- _Work request_
Transcribe the data that follows without changing a word, and omit the pictures.

- _Data excerpt_
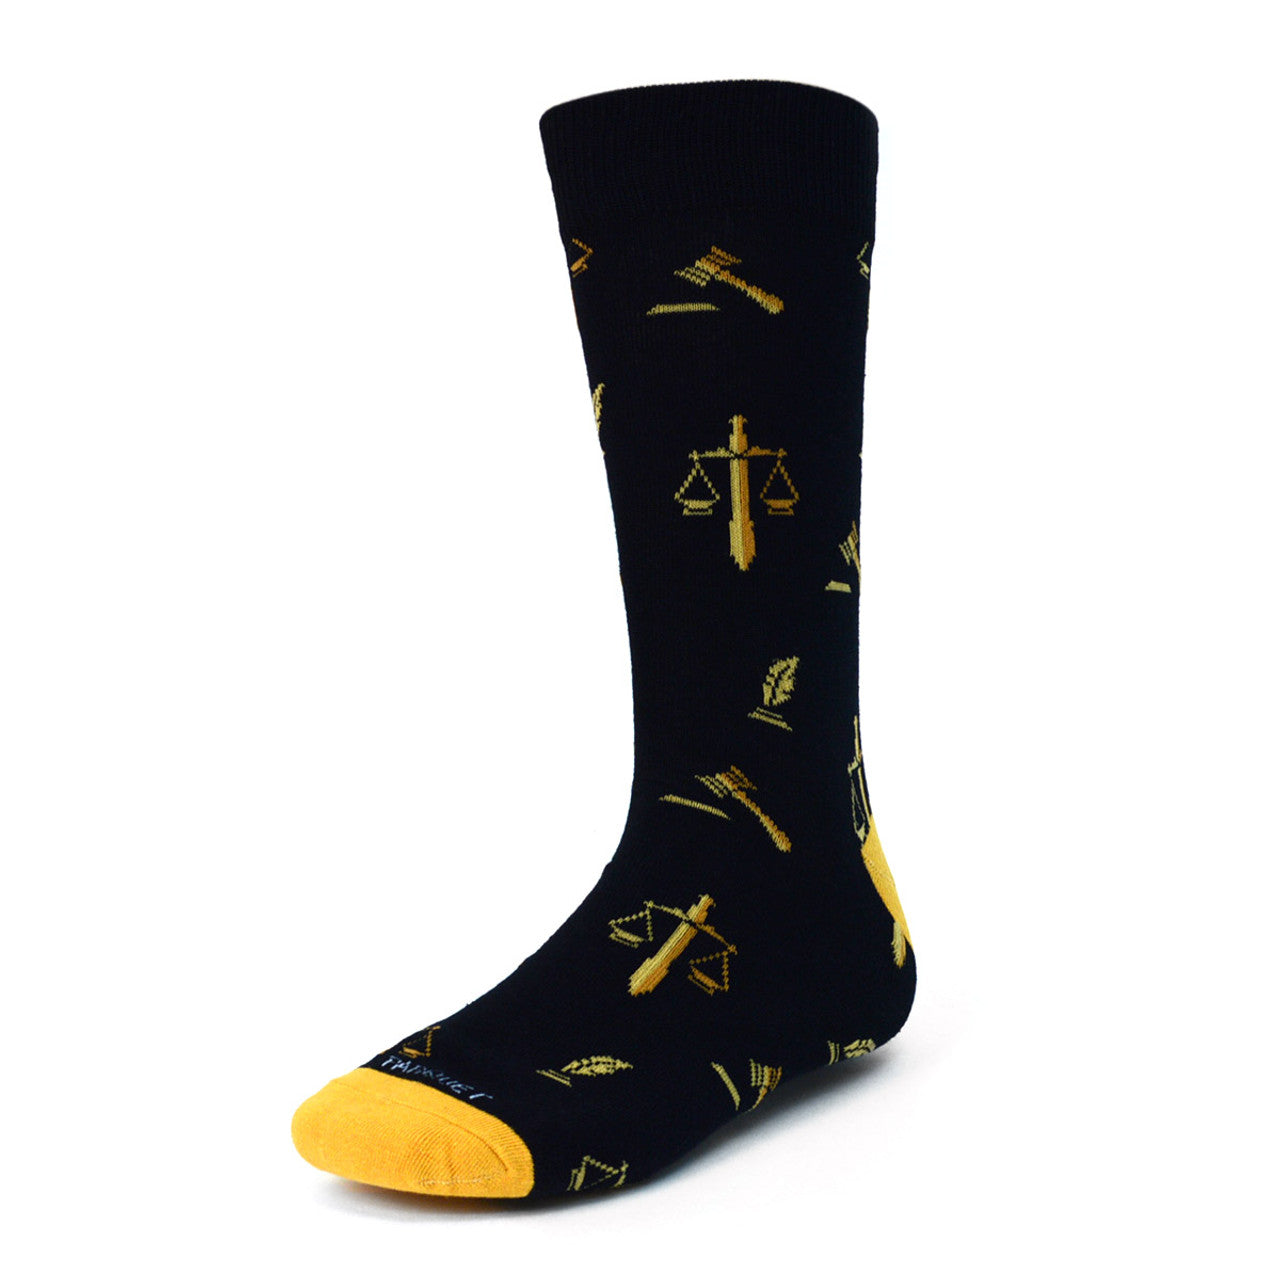 Men's Lawyer Crew Socks - Scale of Justice Quill Gavel Black and Gold
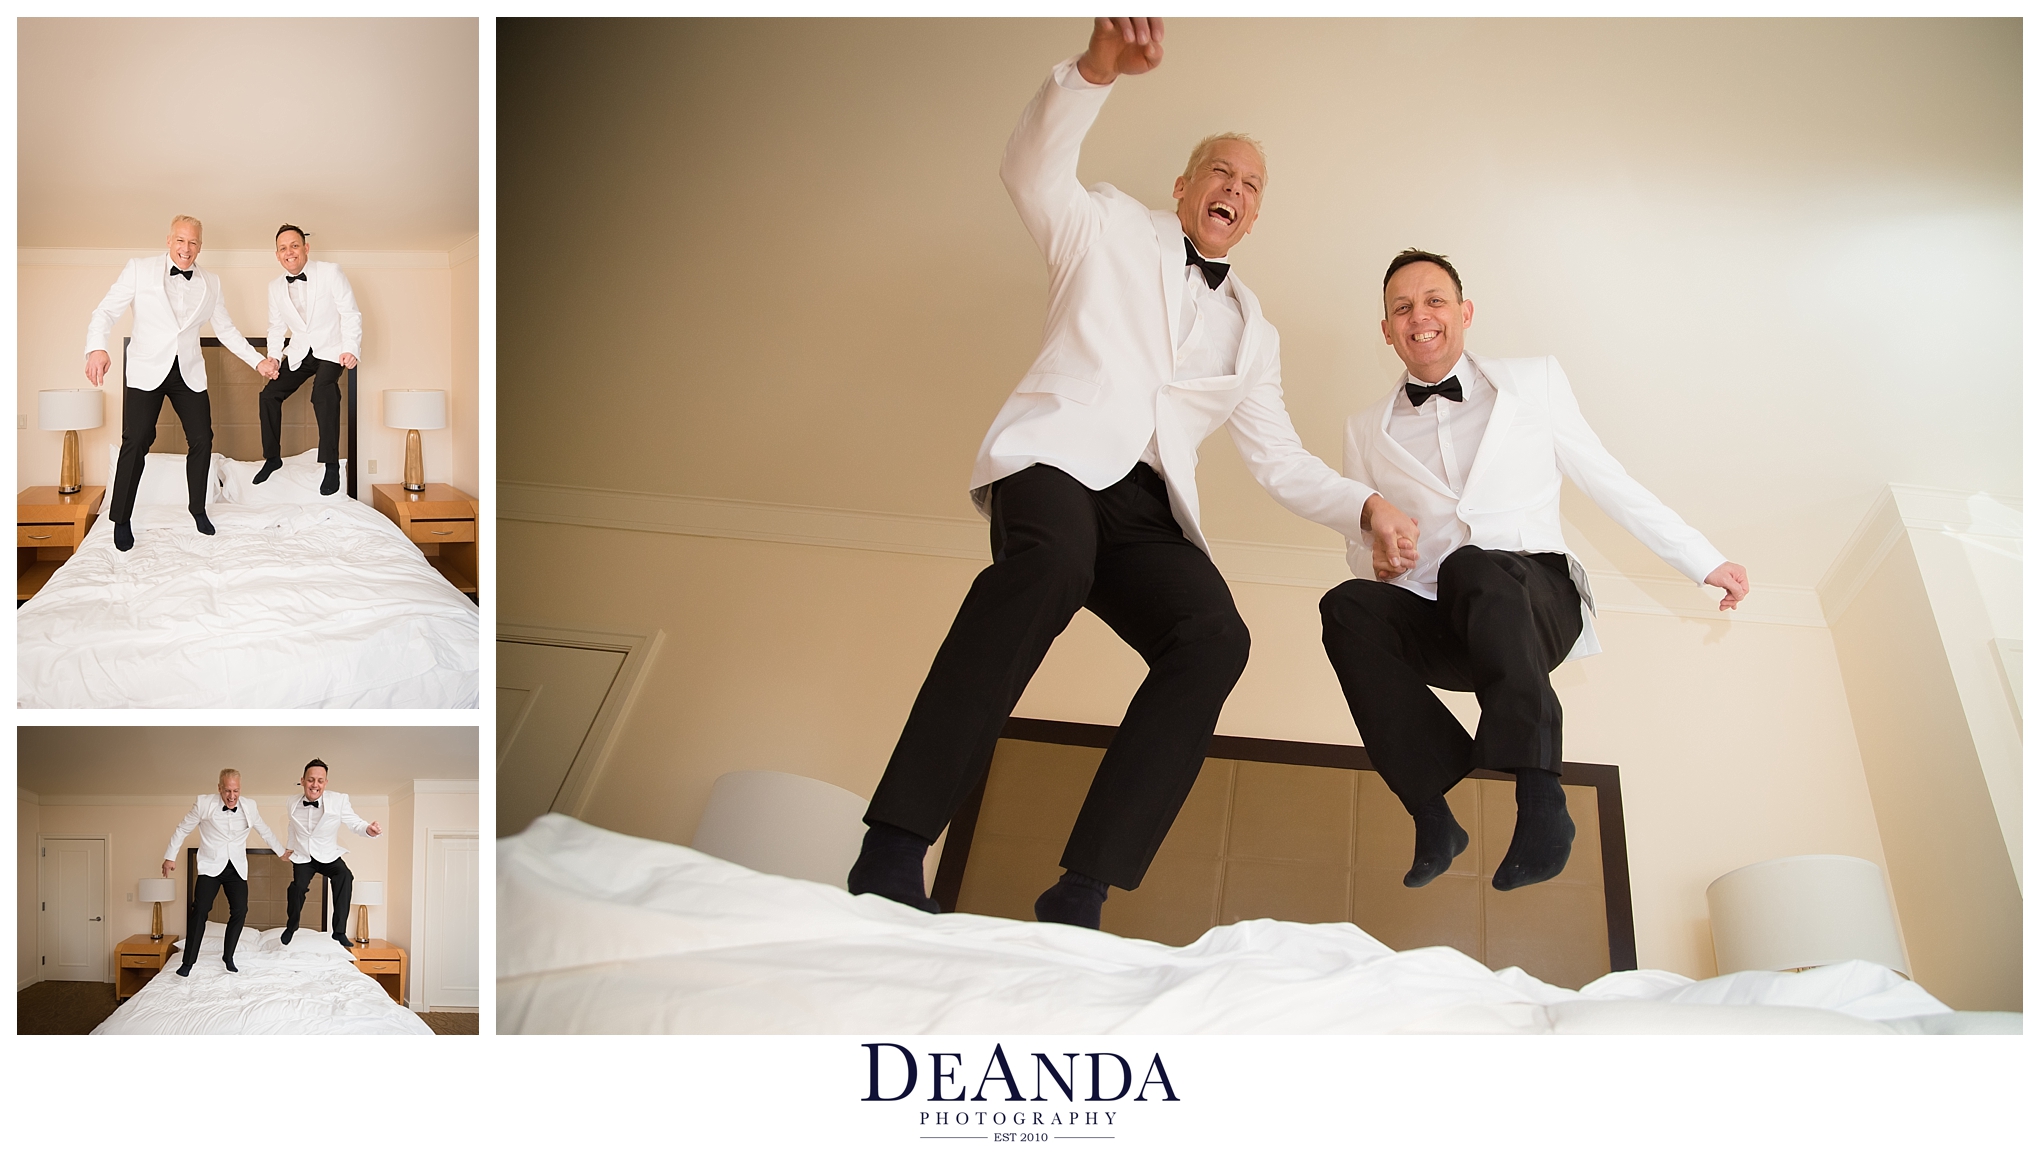 fun photo of gay couple married jumping on bed
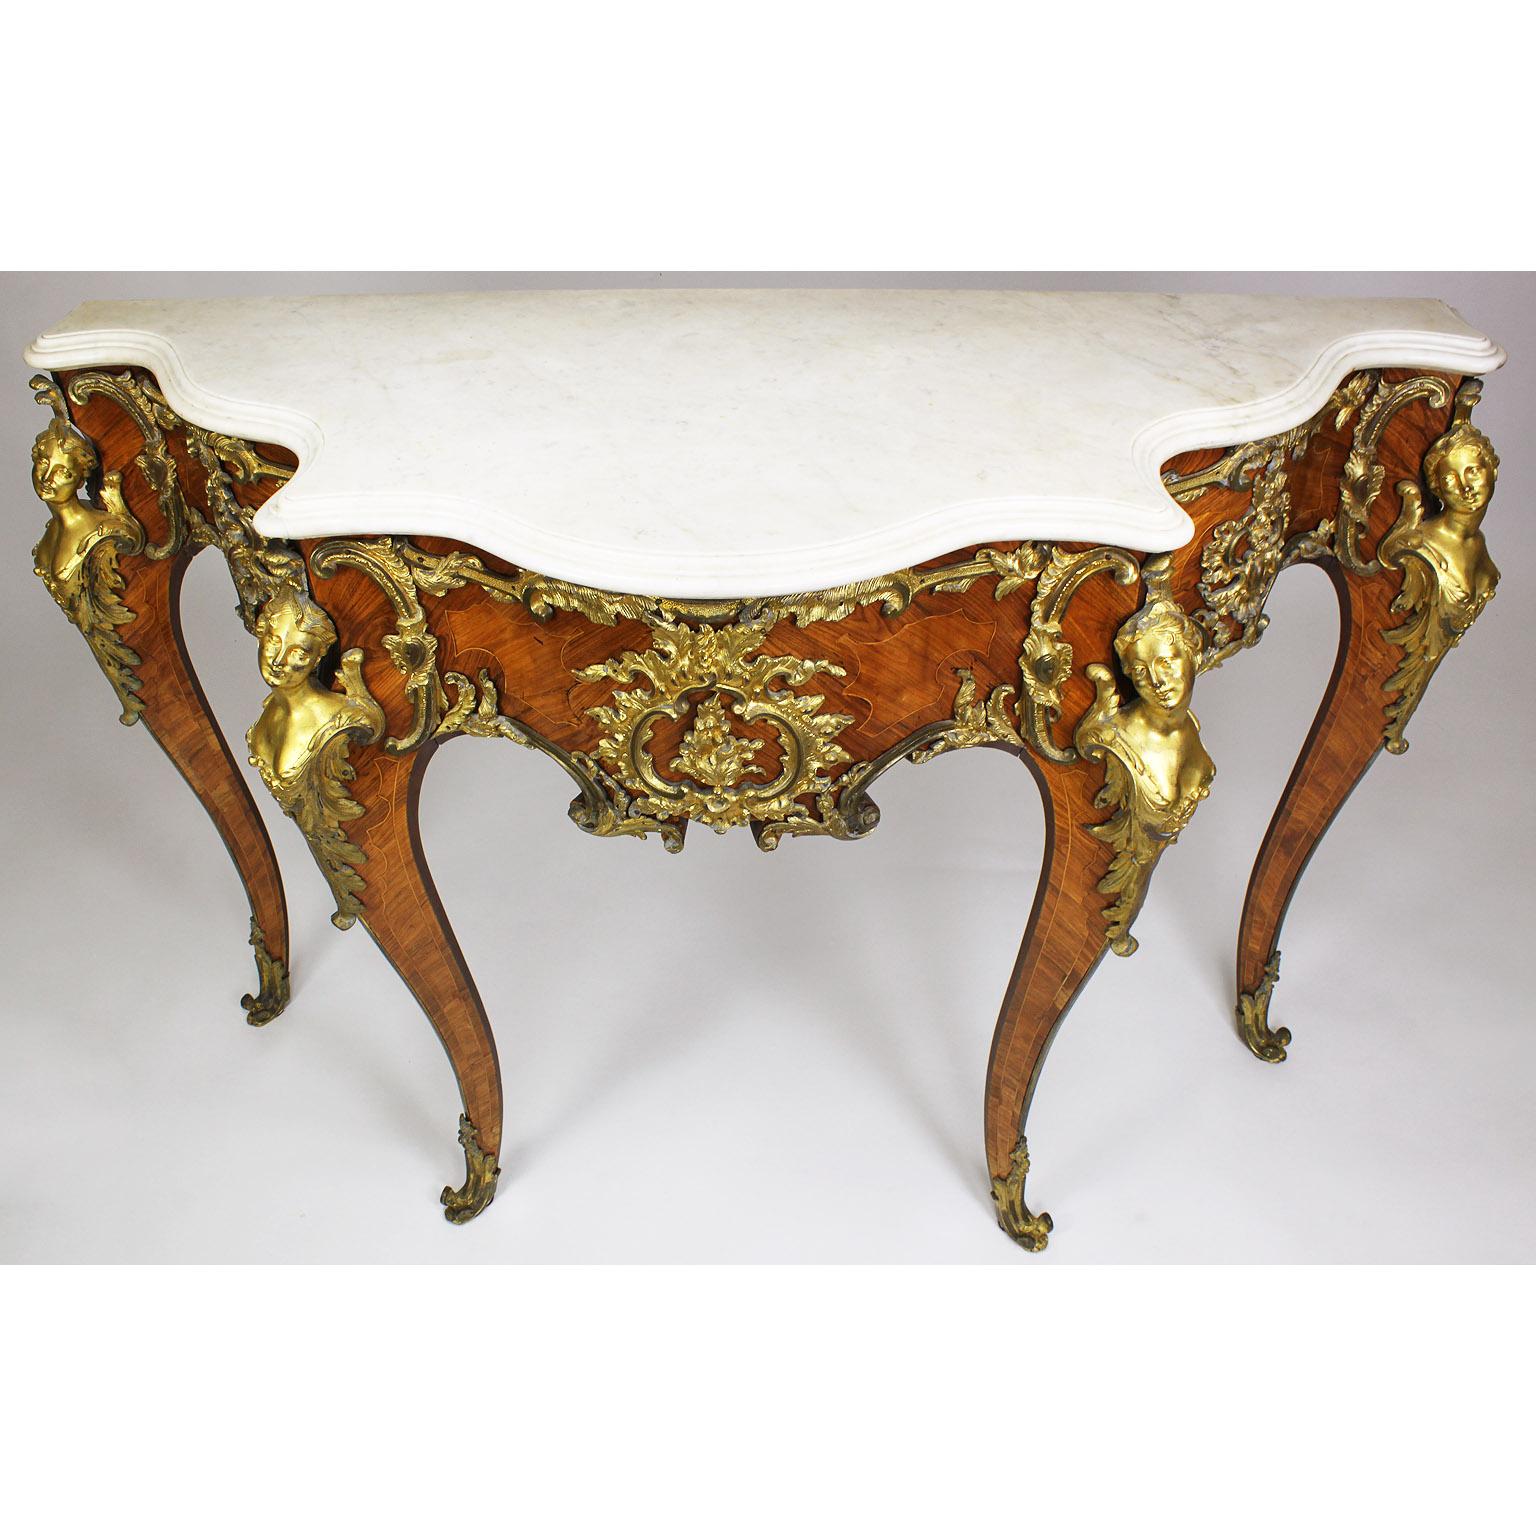 French 19th Century Louis XV Style Ormolu-Mounted Console After Charles Cressent For Sale 3

- _Written solution_
 Men's Lawyer Crew Socks - Scale of Justice Quill Gavel Black and Gold
 fun photo of gay couple married jumping on bed
 French 19th Century Louis XV Style Ormolu-Mounted Console After Charles Cressent For Sale 3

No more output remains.